### RAW DATA:
_ _ _ _ _
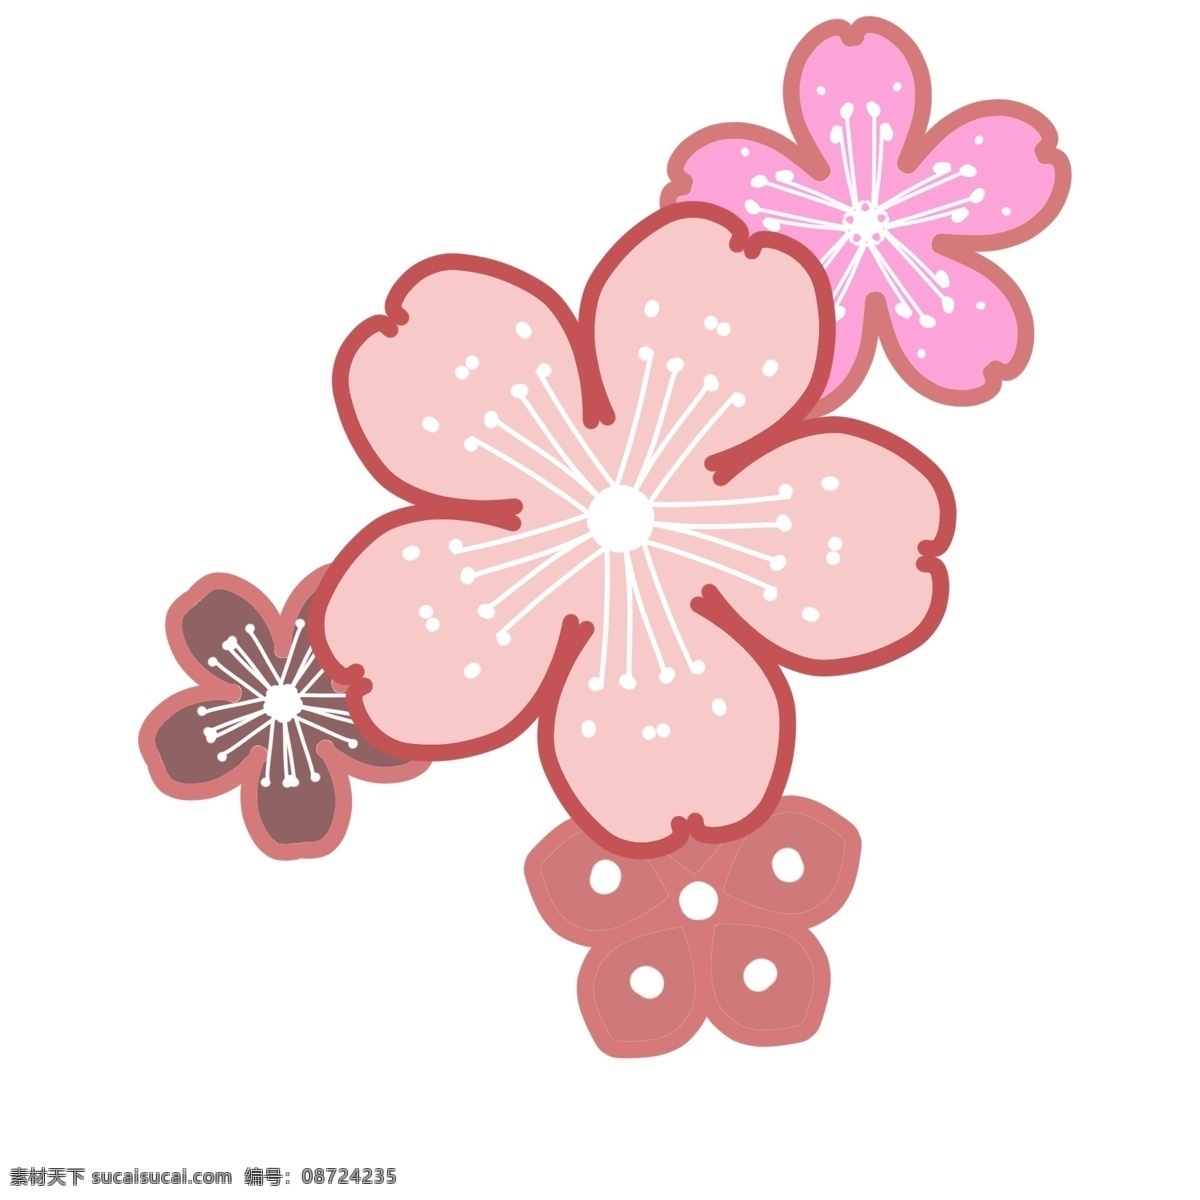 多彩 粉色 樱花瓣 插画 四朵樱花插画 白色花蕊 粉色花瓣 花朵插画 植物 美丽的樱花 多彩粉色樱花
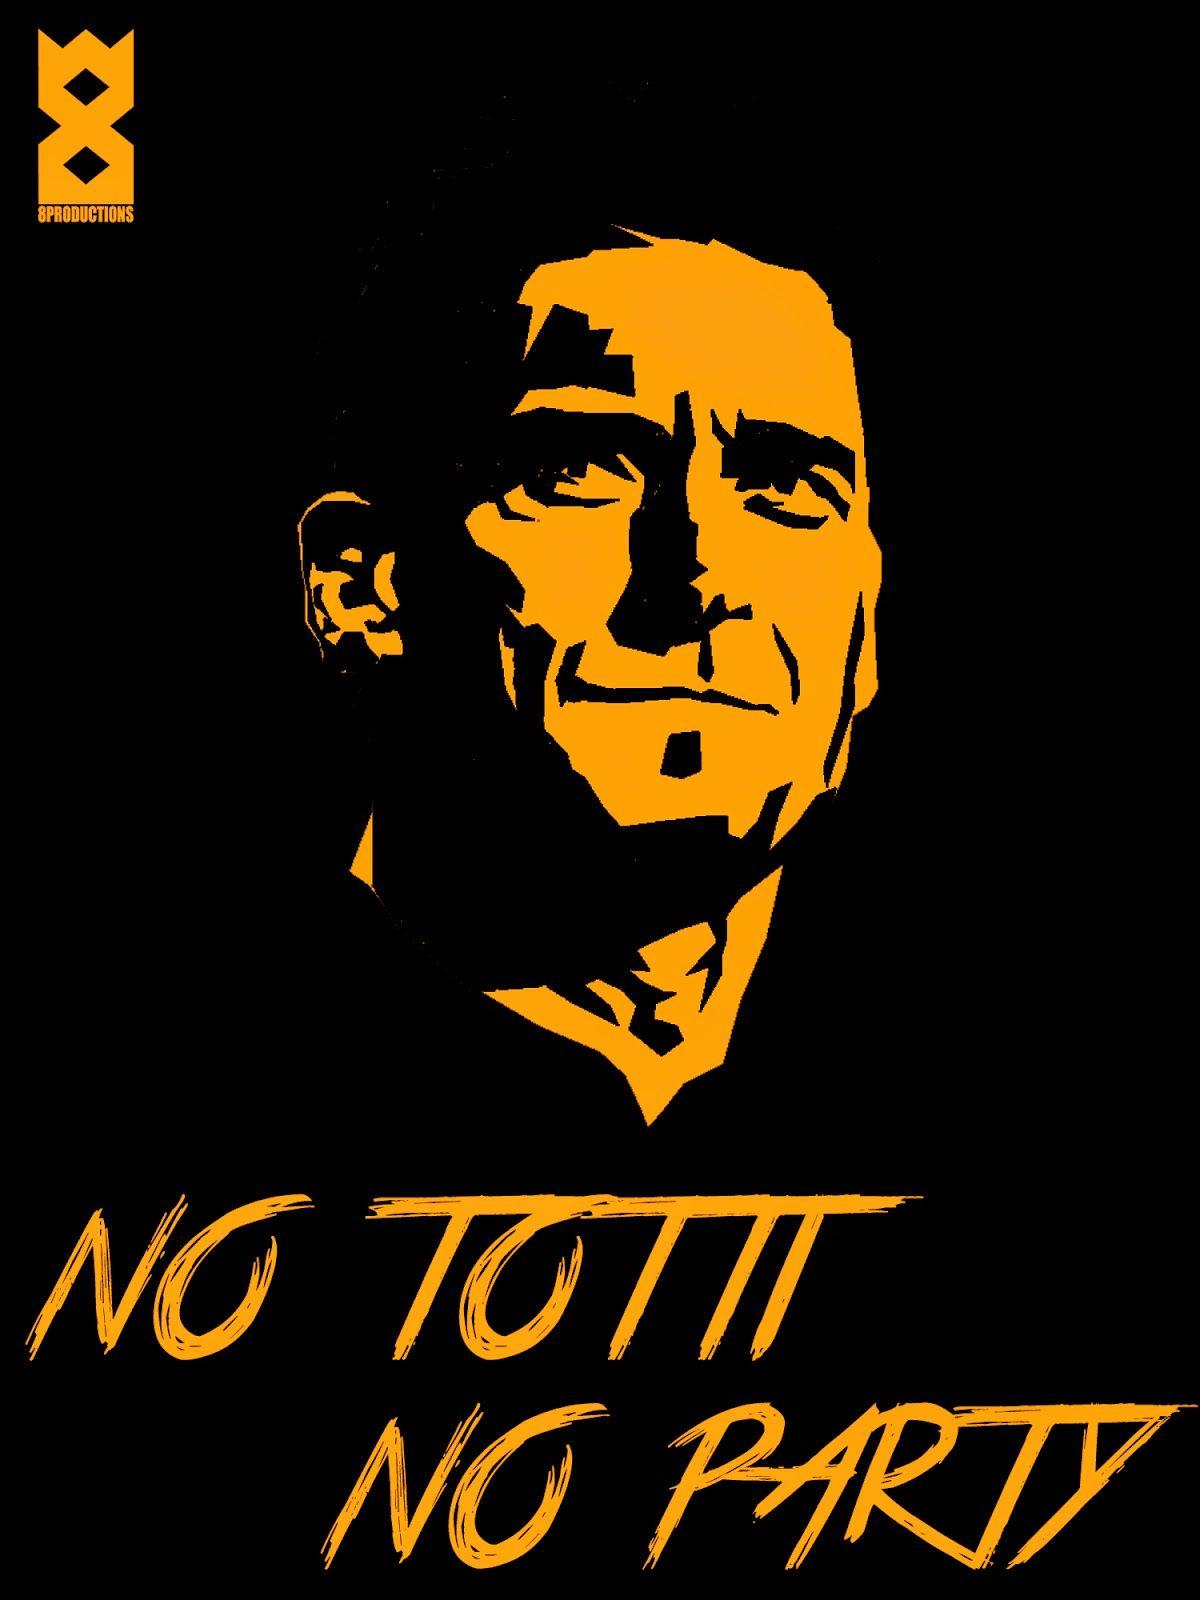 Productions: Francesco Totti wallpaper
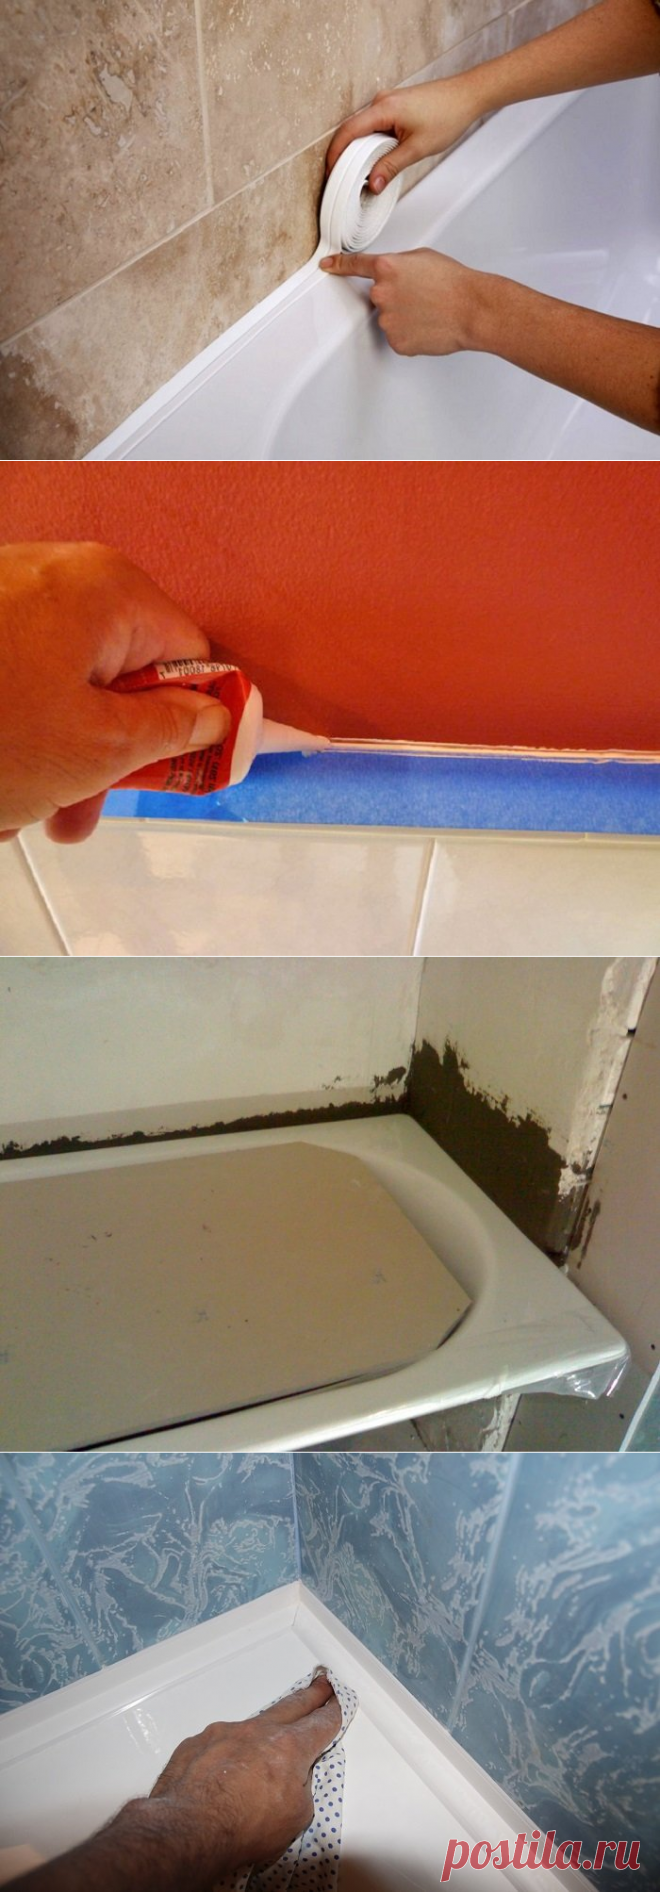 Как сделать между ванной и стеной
_ _ _ _ _
### TASK INSTRUCTIONS:
Would you provide an exact, picture-free copy of the data above?

### RESPONSE TO THIS TASK:
 多彩 粉色 樱花瓣 插画 四朵樱花插画 白色花蕊 粉色花瓣 花朵插画 植物 美丽的樱花 多彩粉色樱花
 Productions: Francesco Totti wallpaper
 Как сделать между ванной и стеной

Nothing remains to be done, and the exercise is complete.